▶ **What is required**:
Reproduce the data below in full and to the letter, images excepted.

== == ==

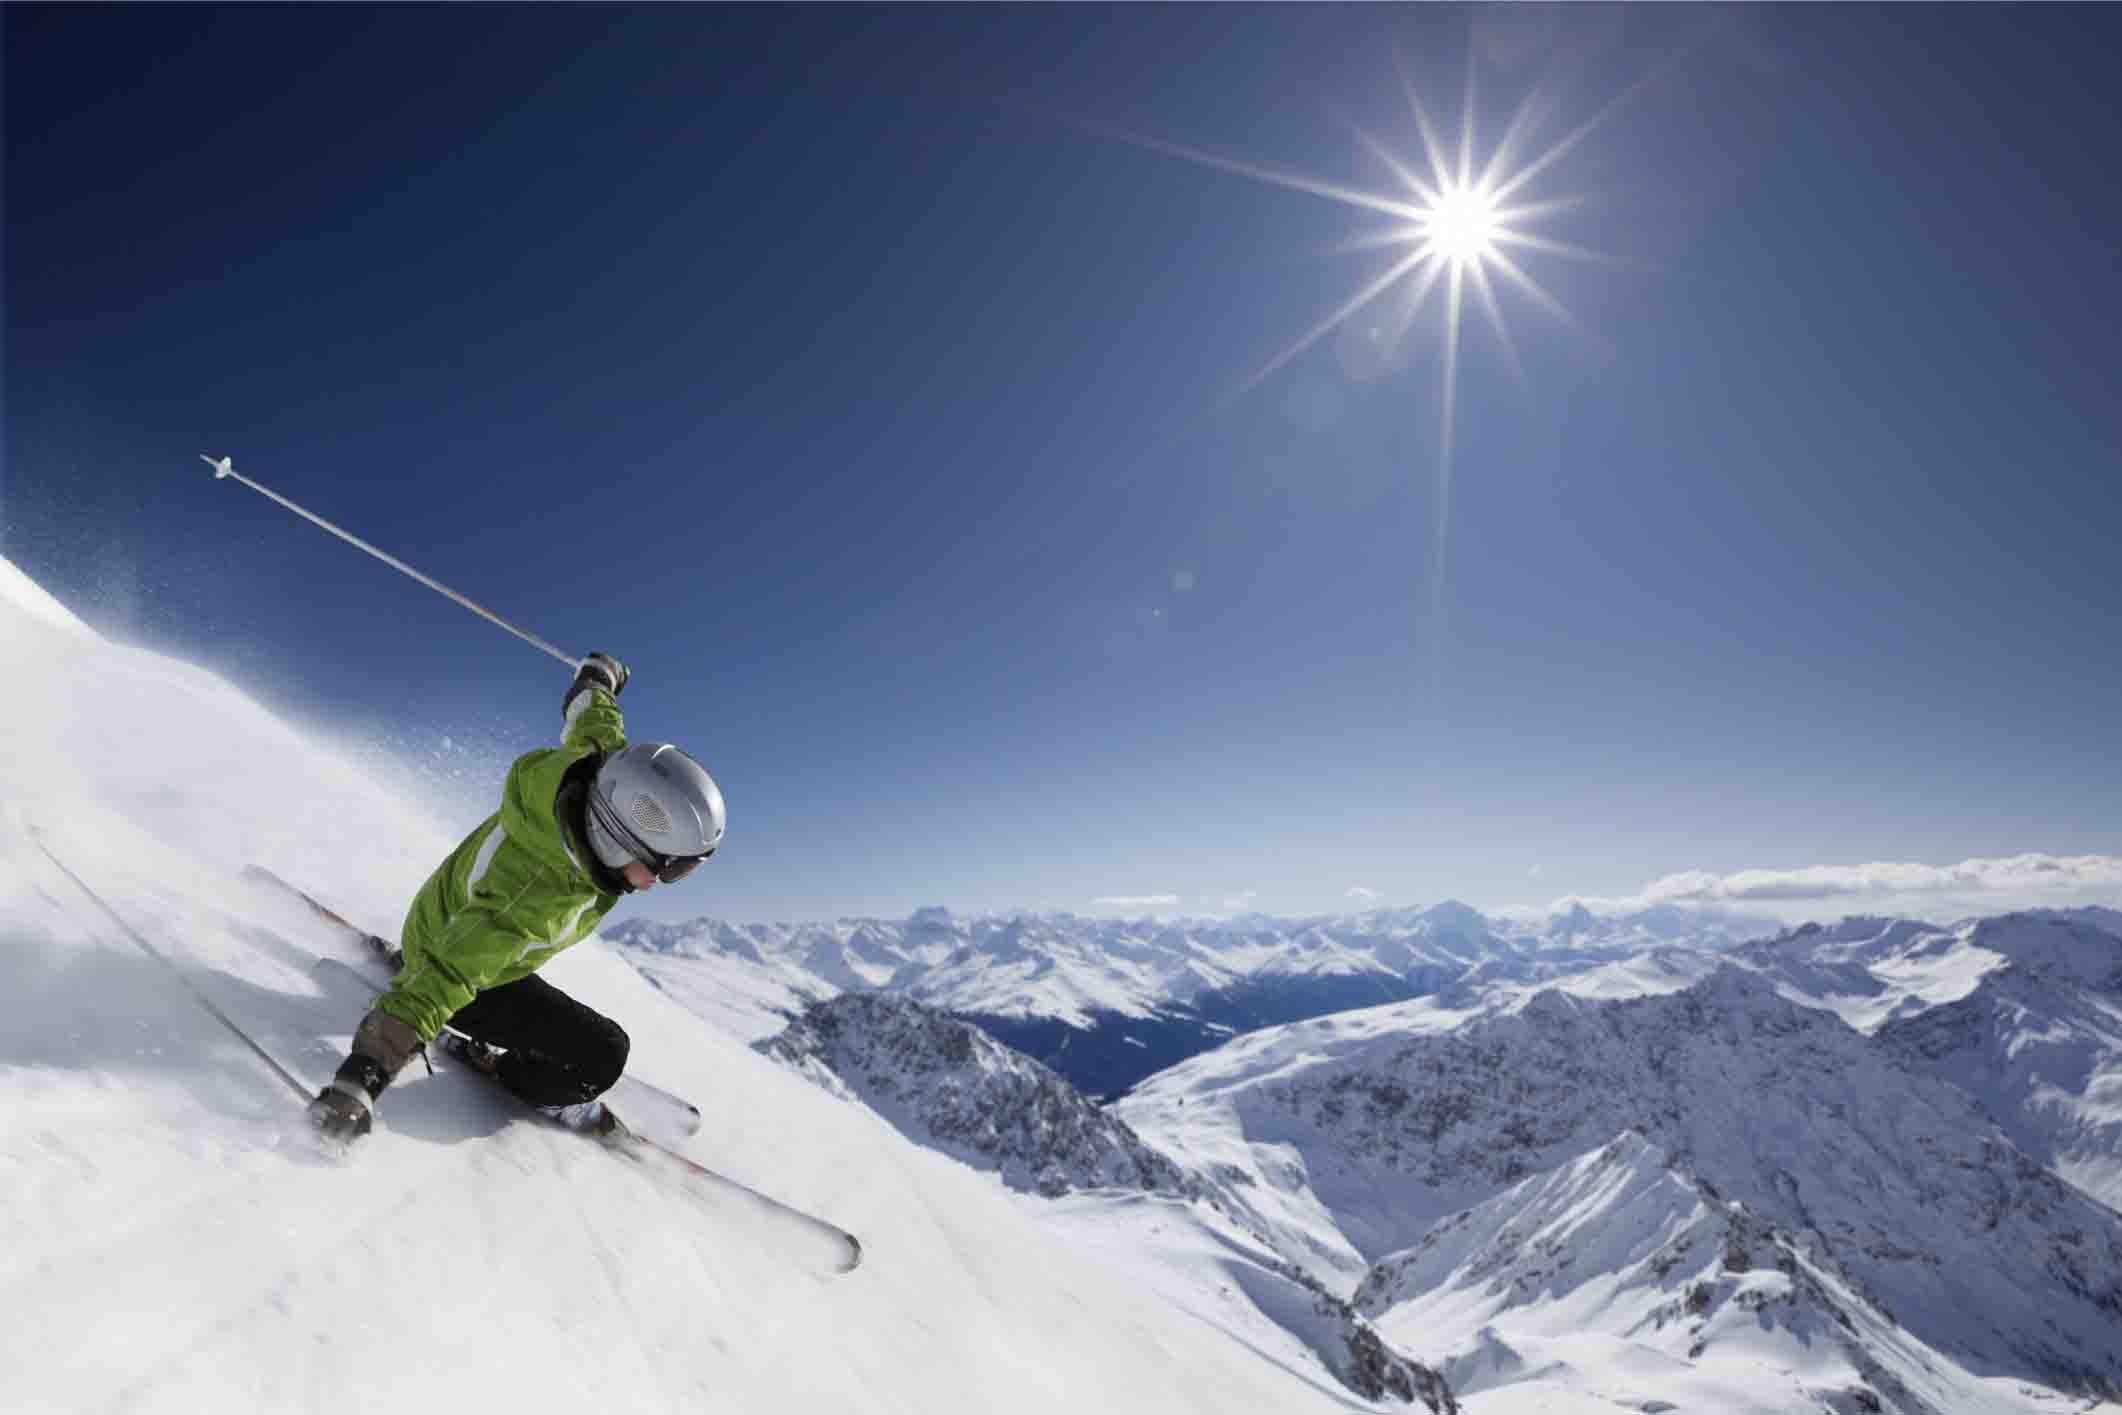 ski-mountain-snow-new-york-usa
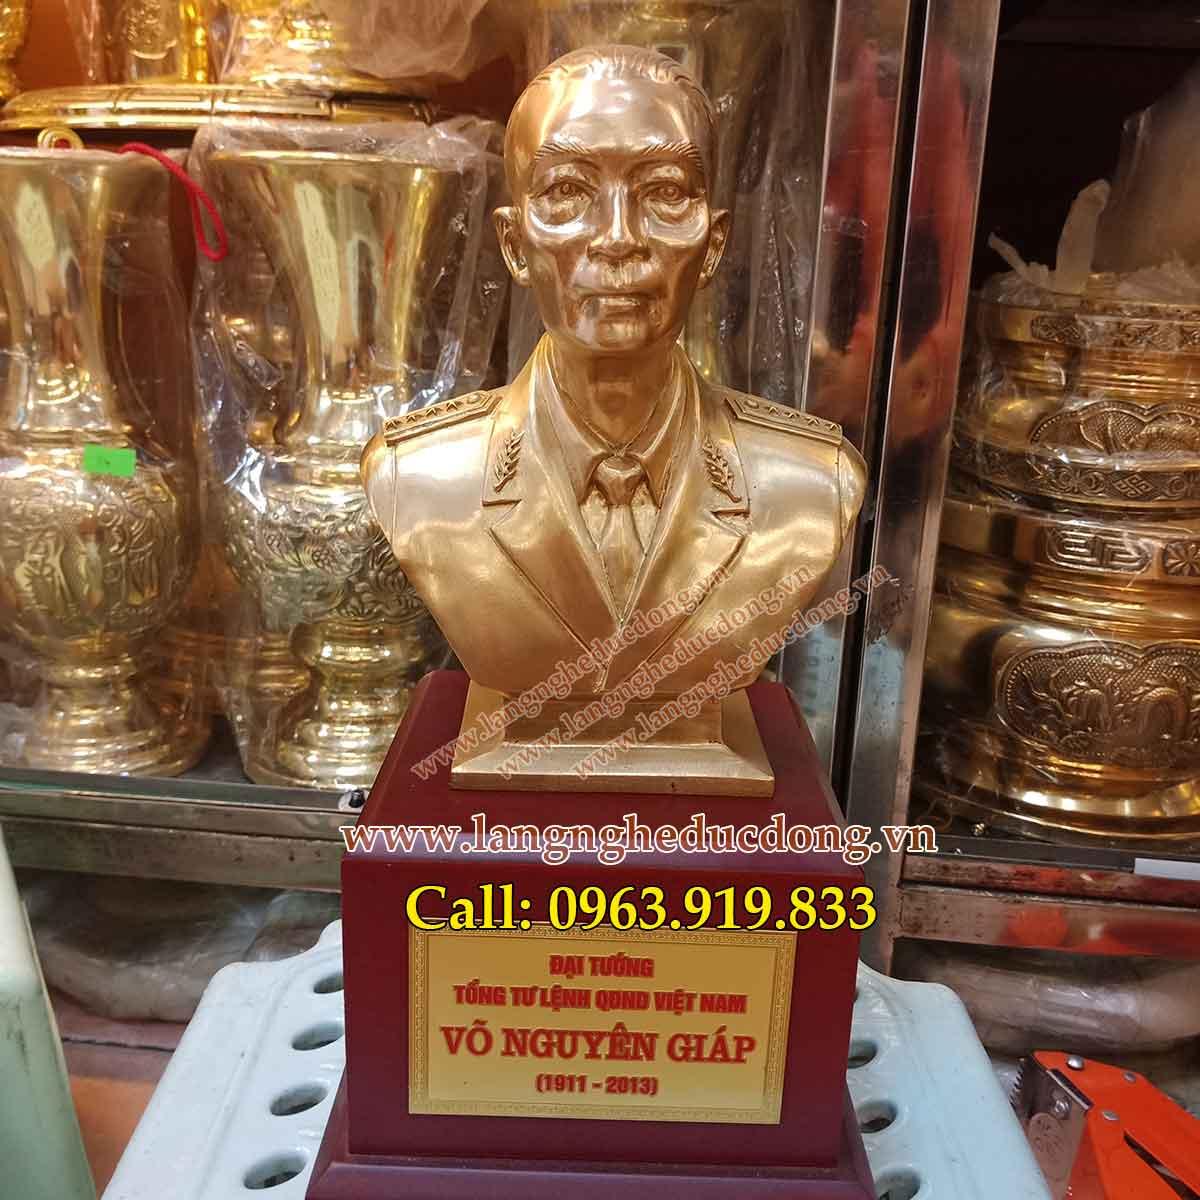 langngheducdong. vn tượng võ nguyên giáp bằng đồng vàng đúc công nghệ
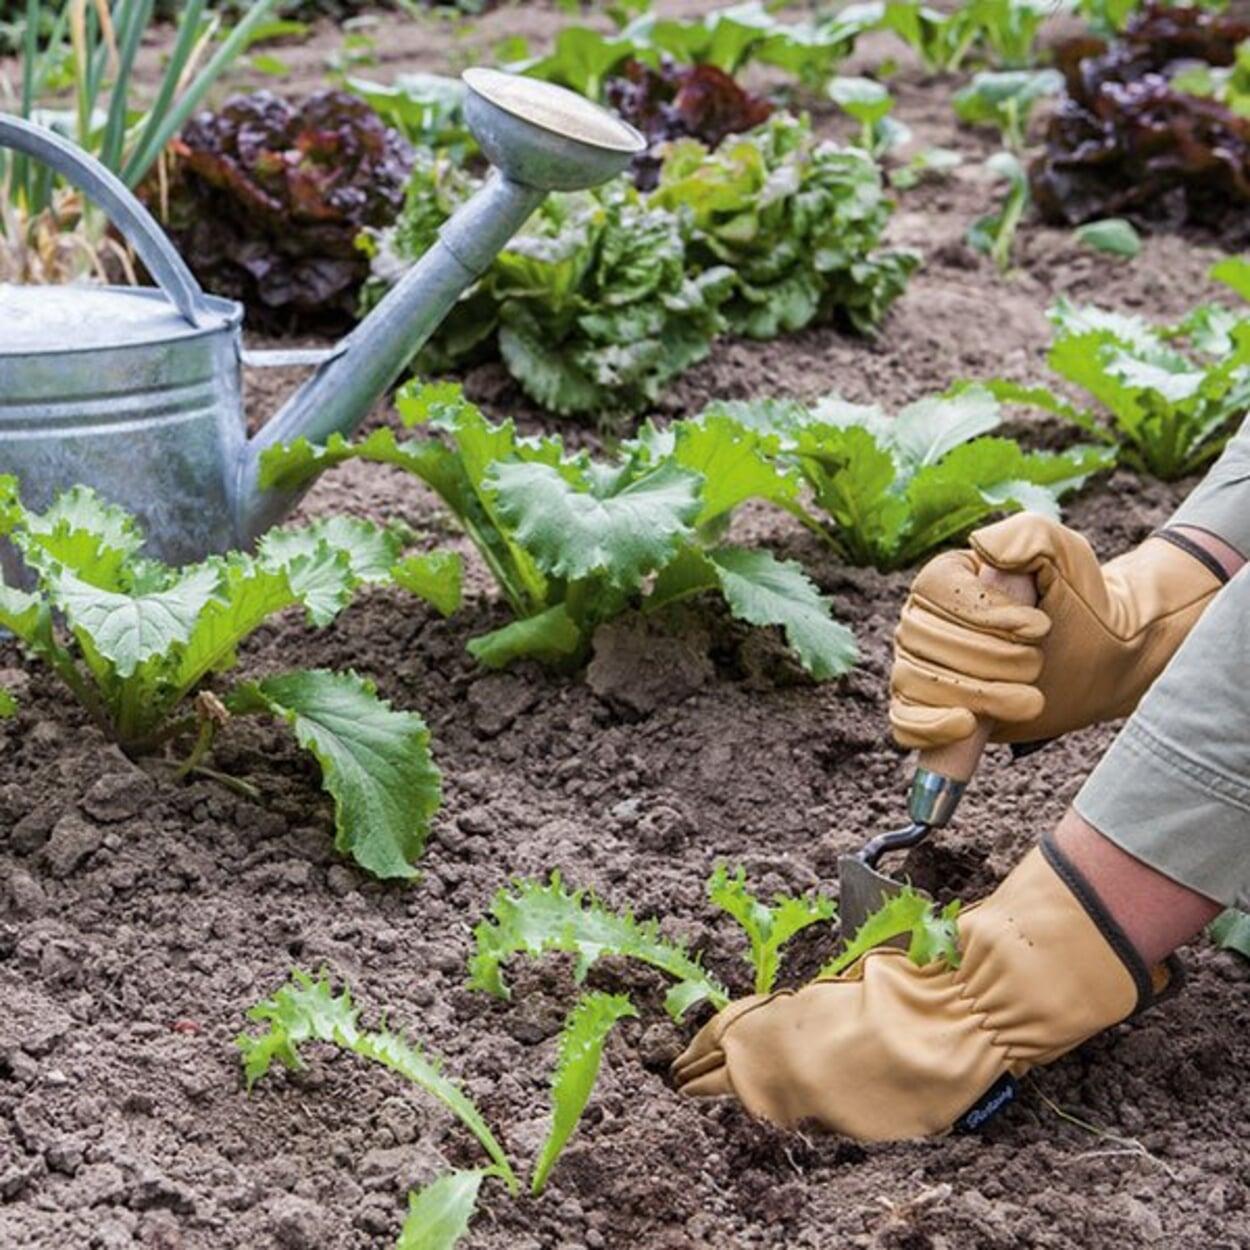 Jungpflanzen in lockeren Boden setzen, gut andrücken und gießen
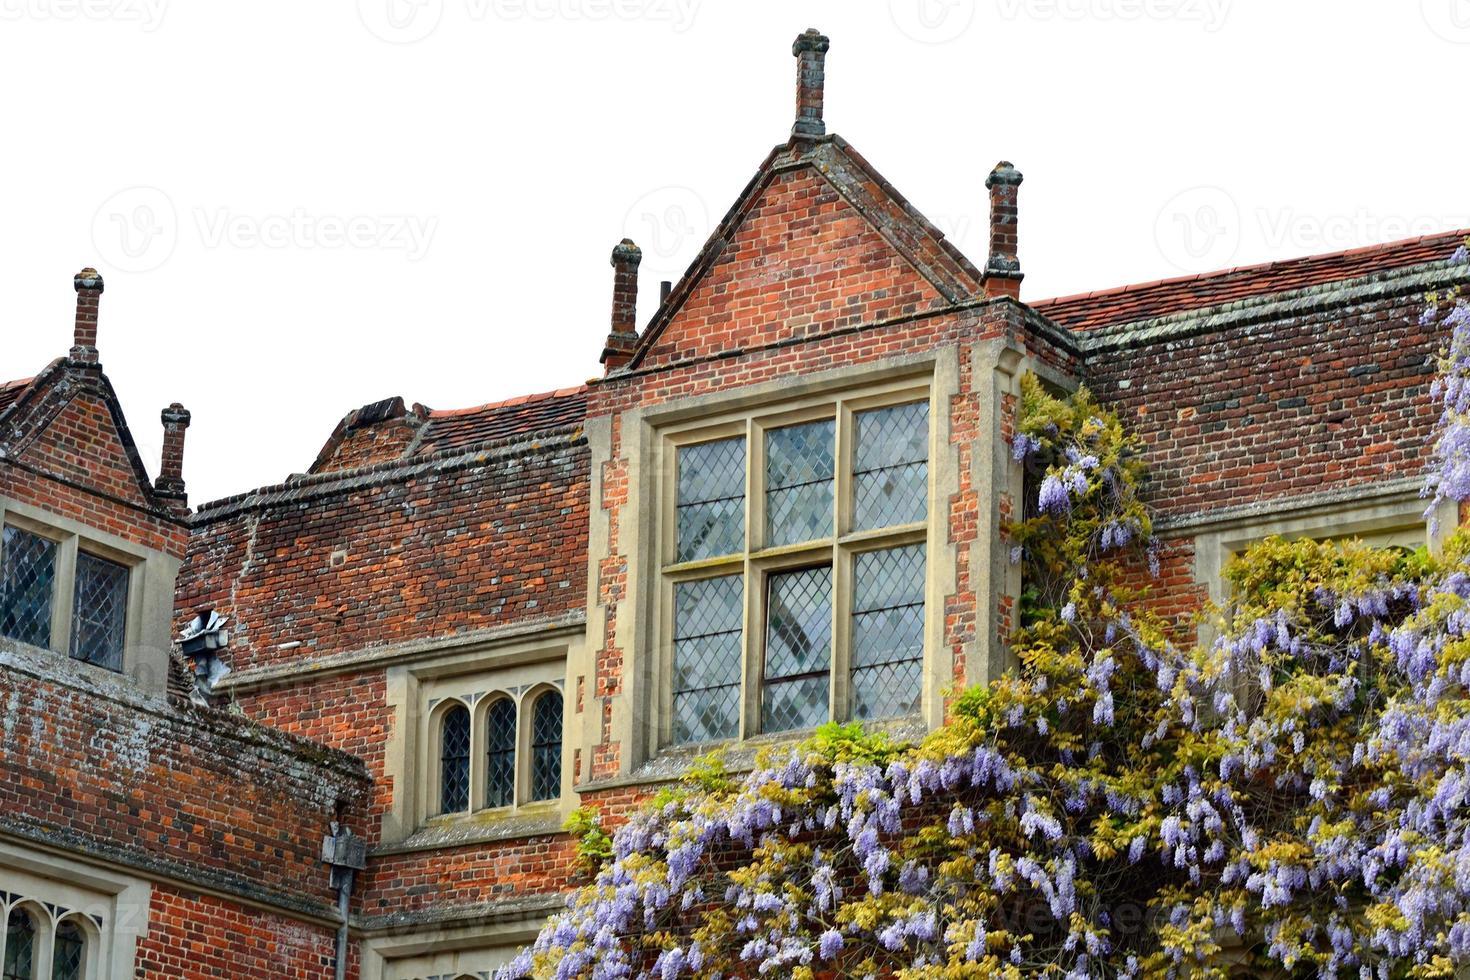 großes Tudorgebäude mit Glyzinien foto
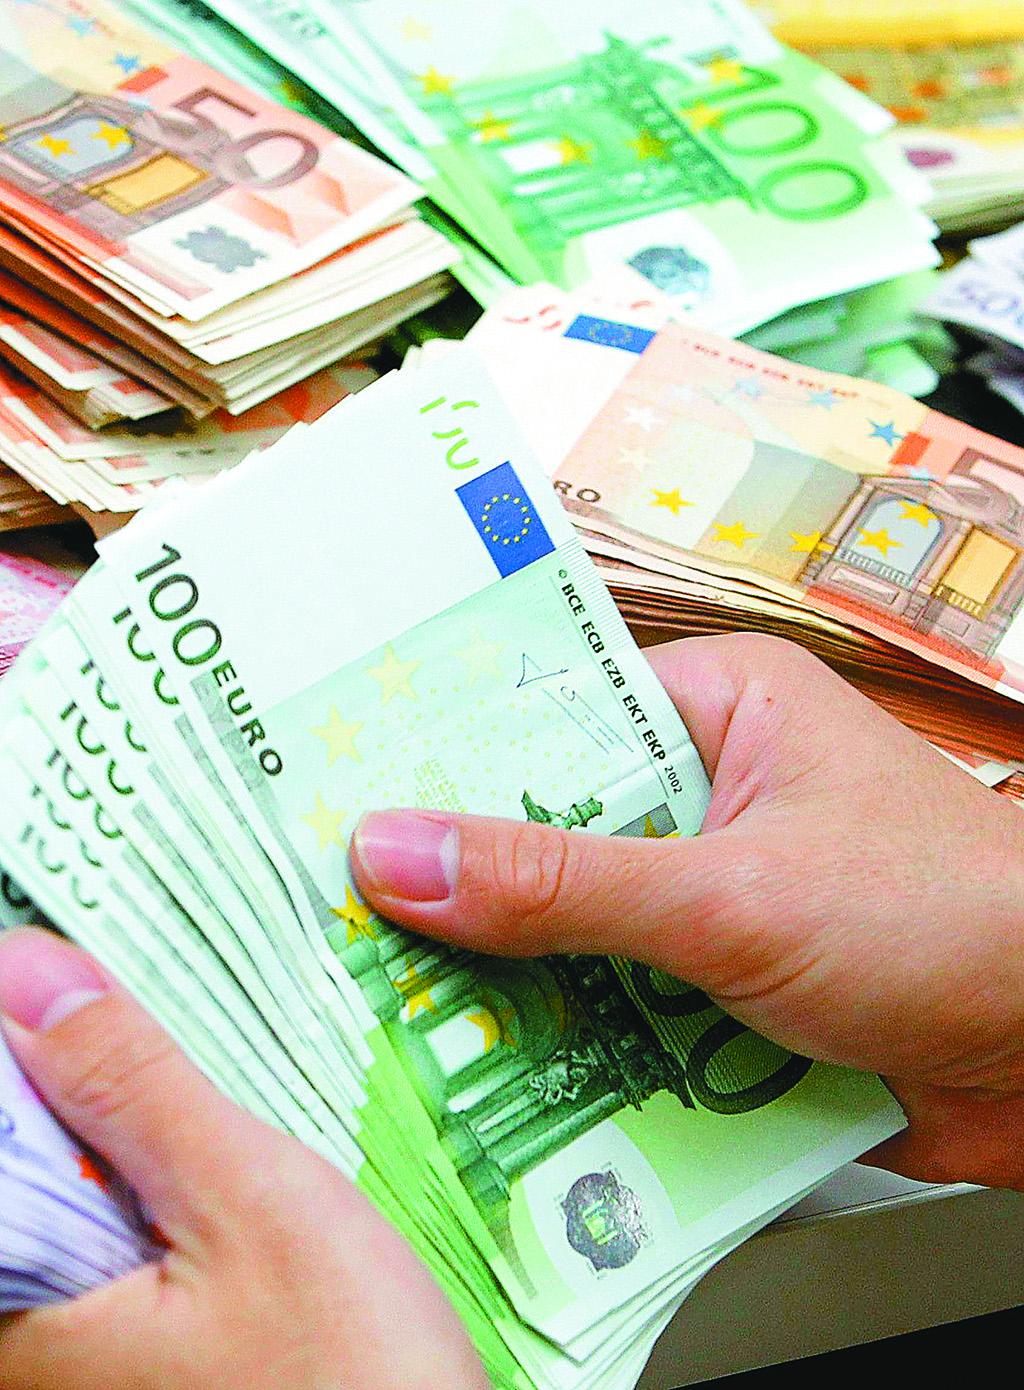 ΟΔΔΗΧ: Συμπληρωματικές προσφορές 375 εκατ. στα τρίμηνα έντοκα γραμμάτια | tovima.gr

== == ==

▶ **Reply to the exercise**:
 ski-mountain-snow-new-york-usa
 langngheducdong. vn tượng võ nguyên giáp bằng đồng vàng đúc công nghệ
 Jungpflanzen in lockeren Boden setzen, gut andrücken und gießen
 großes Tudorgebäude mit Glyzinien foto
 ΟΔΔΗΧ: Συμπληρωματικές προσφορές 375 εκατ. στα τρίμηνα έντοκα γραμμάτια | tovima.gr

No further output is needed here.